+++ Information supplied +++
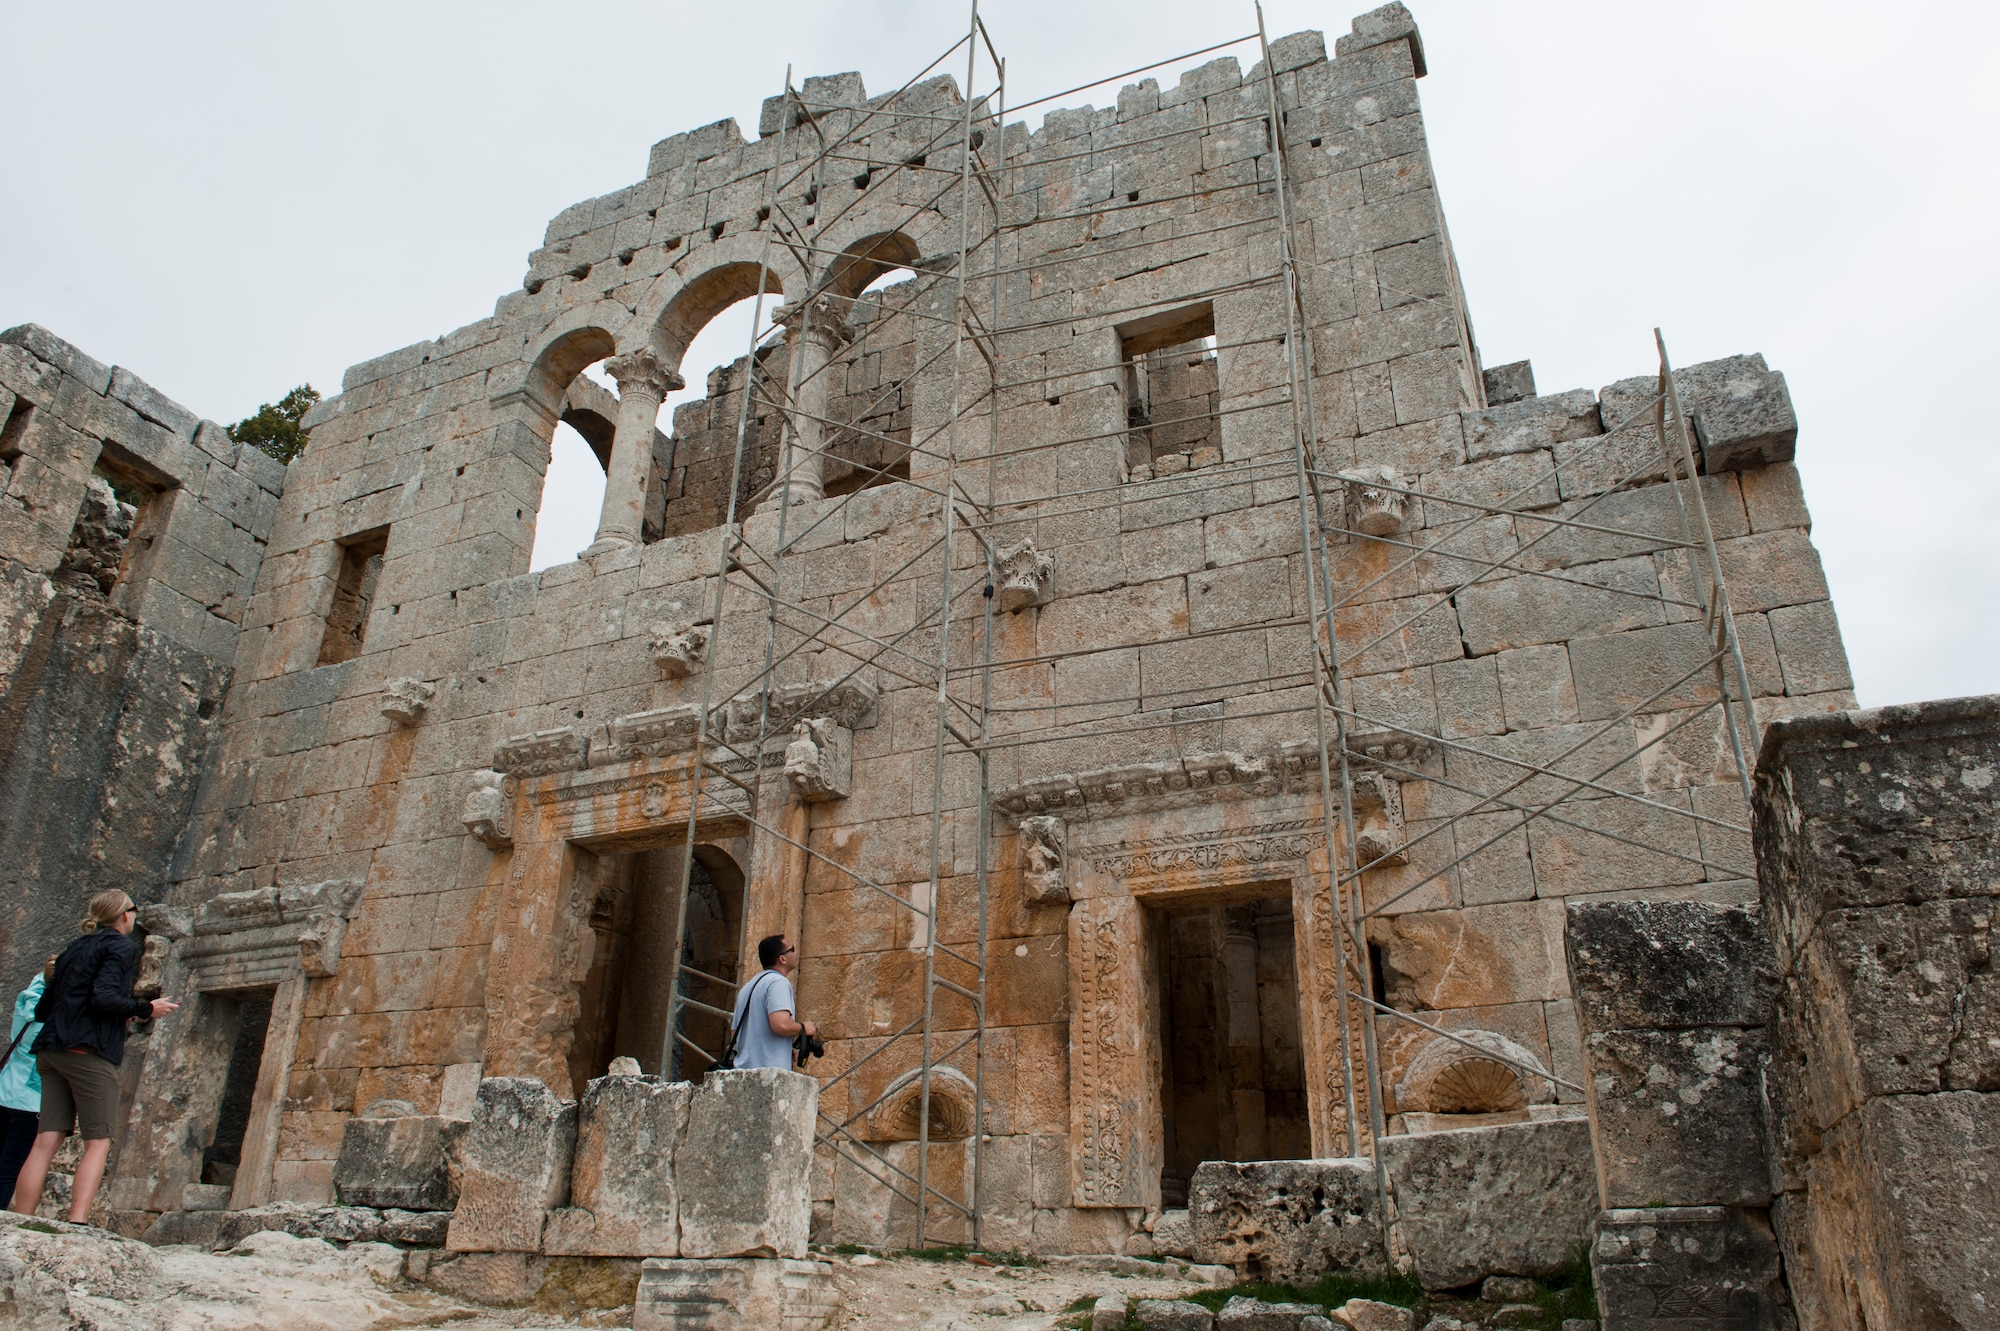 Visitors to Alahan Monastery gaze at its impressive architecture and remains March 31, 2013, in Turkey. Though more than 1,400 years old, many of the remnants of the monastery remain intact. Alahan is one of several trips offered by various base agencies at Incirlik Air Base, Turkey. (U.S. Air Force photo by Senior Airman Daniel Phelps/Released)
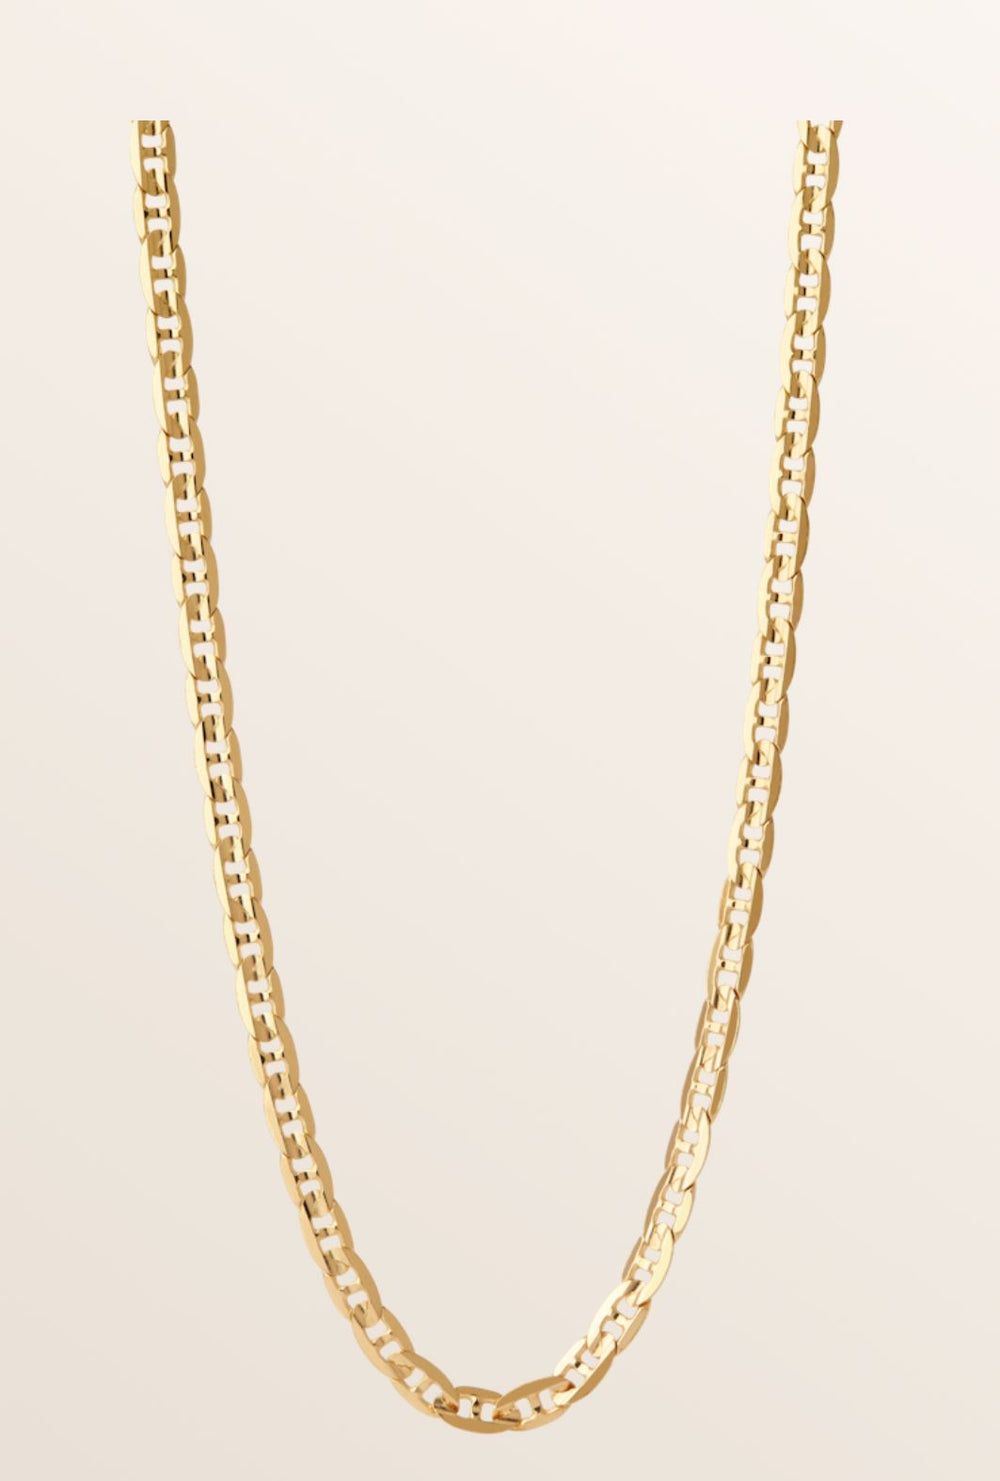 CARLO GOLD PLATED NECKLACE 50 CM JEWELRY MARIA BLACK 
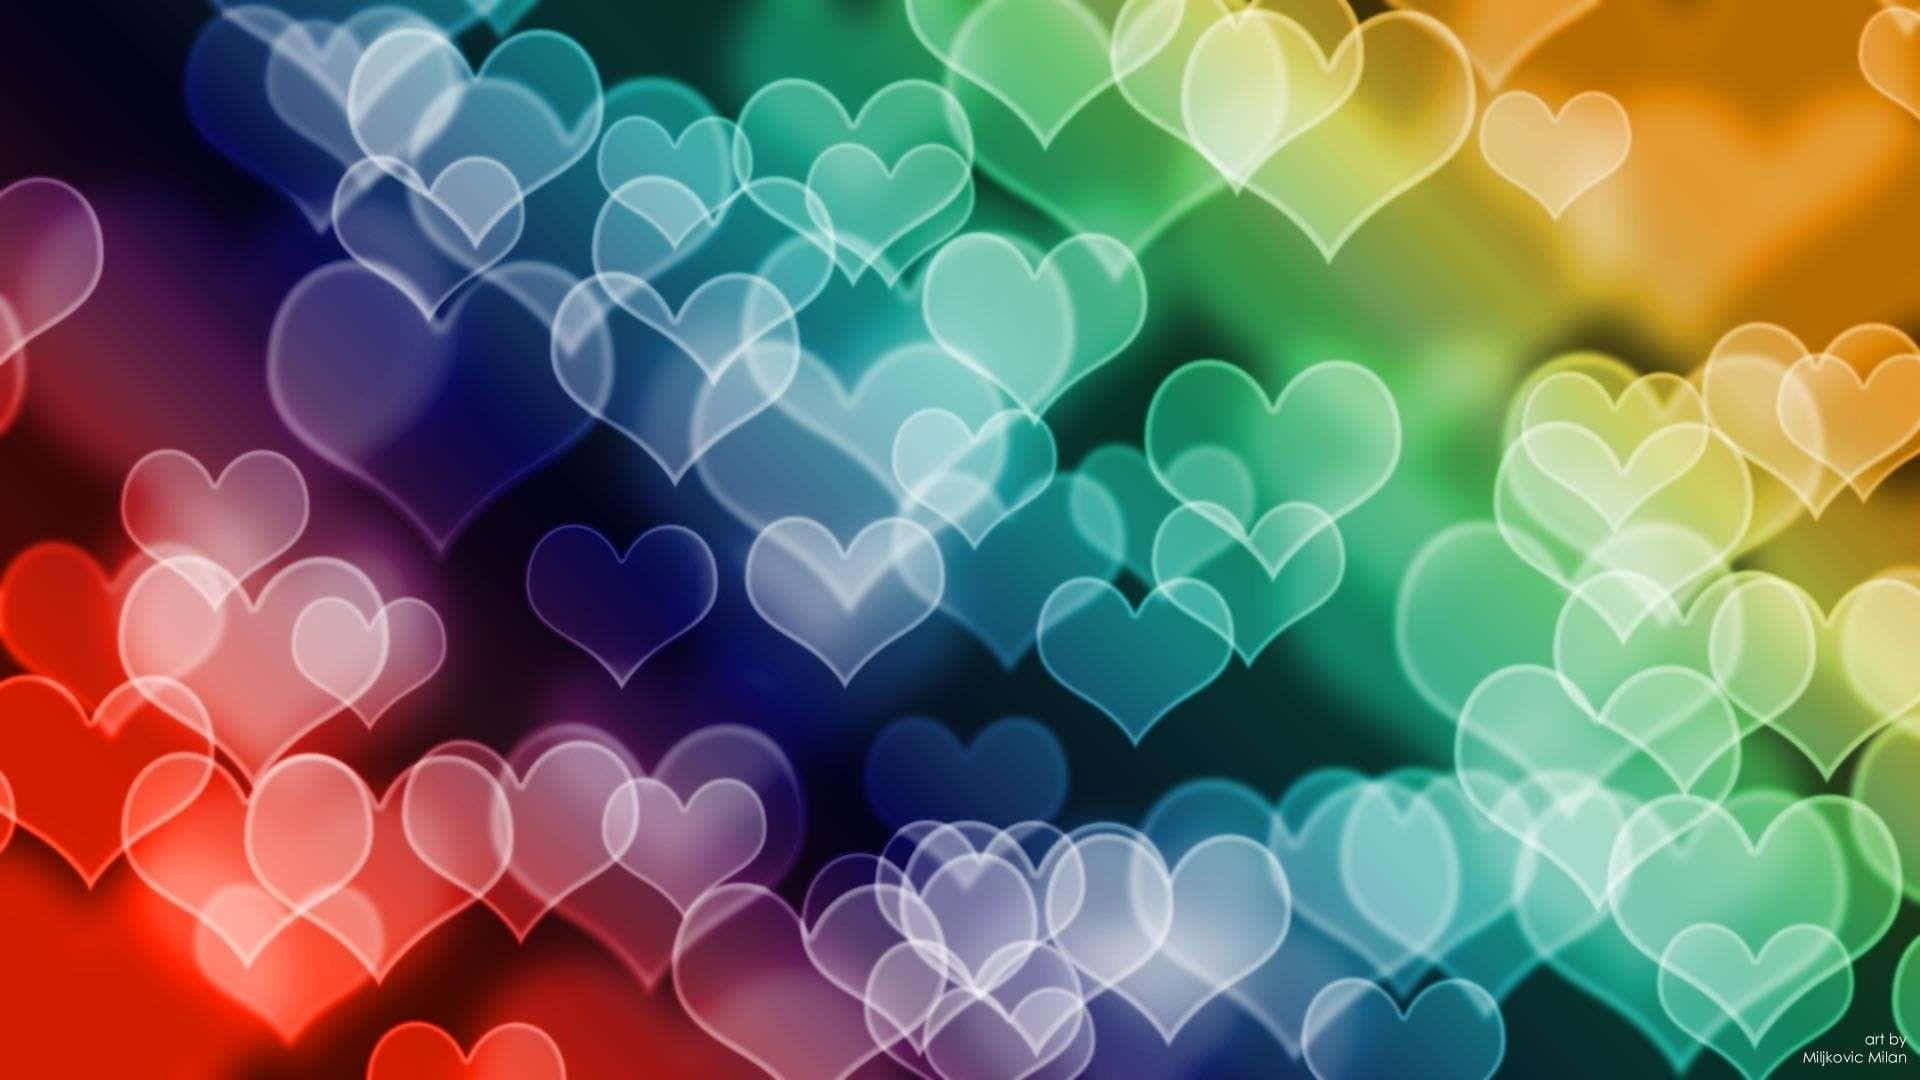 Take Pride In Love And Diversity With This Beautiful Rainbow Heart. Wallpaper
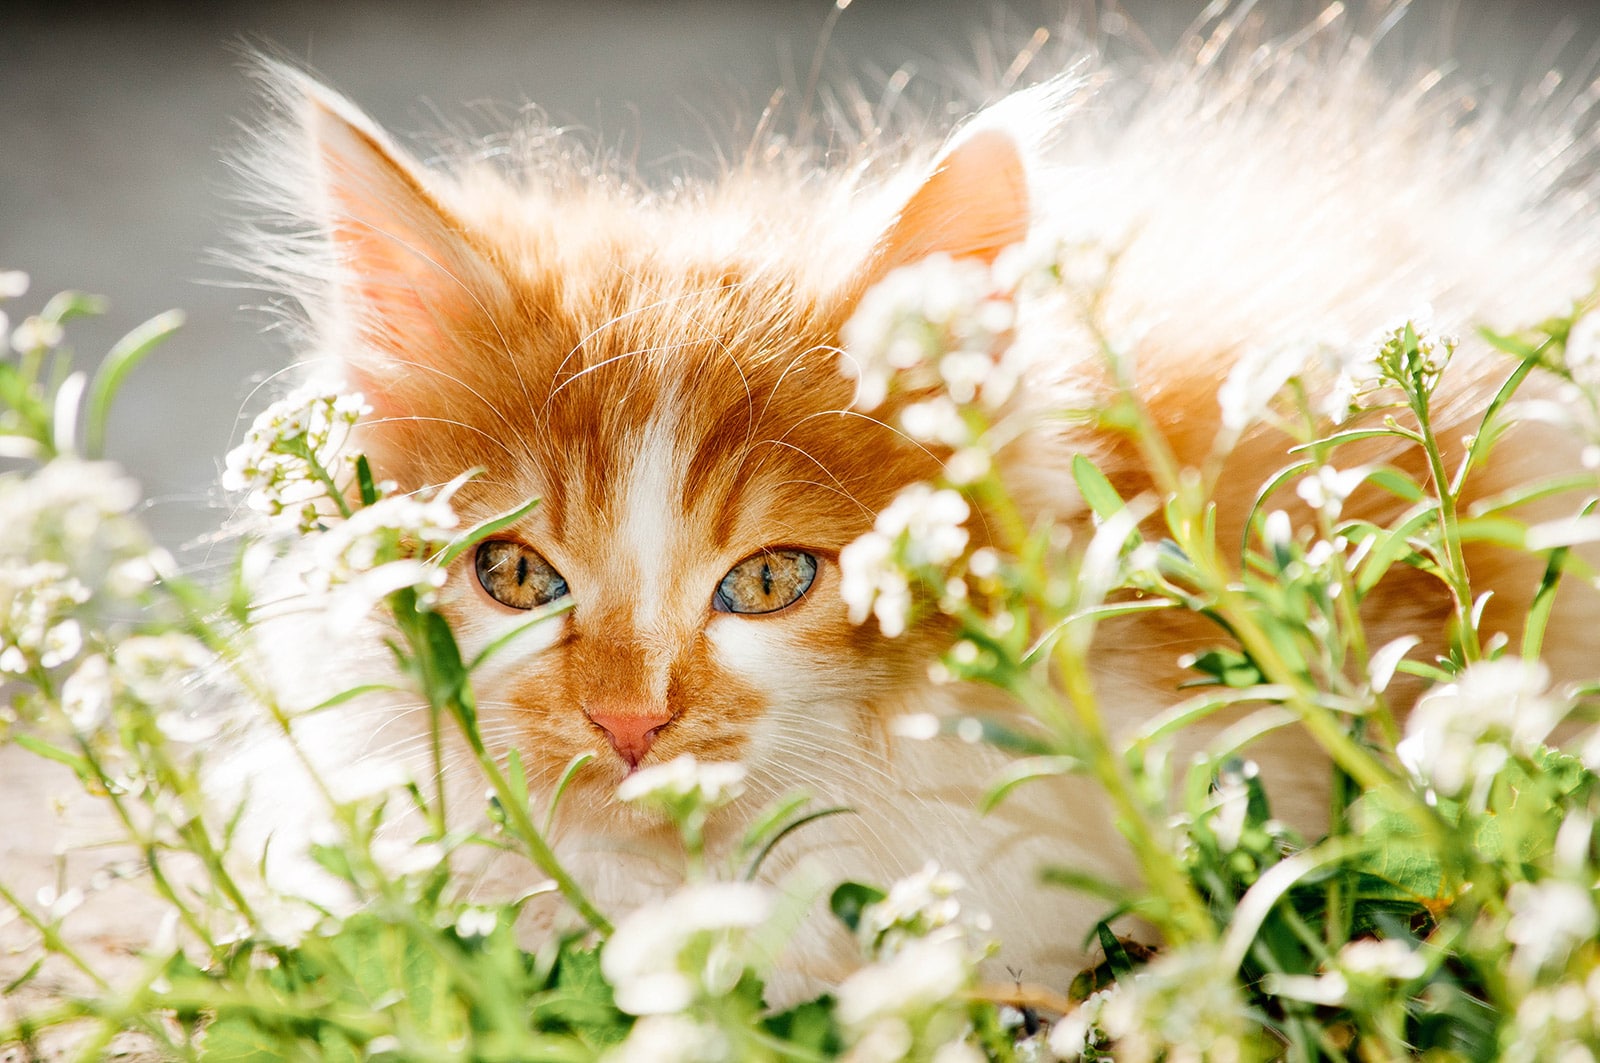 Close-up of an orange and white cat peering out from behind a flowering shrub
+++
• _What to do_
Write out exactly, and only, the lines running from the line with "Take Pride In" to the last line above, both included, with all pictures omitted.

• _Answer space_
 Take Pride In Love And Diversity With This Beautiful Rainbow Heart. Wallpaper
 Close-up of an orange and white cat peering out from behind a flowering shrub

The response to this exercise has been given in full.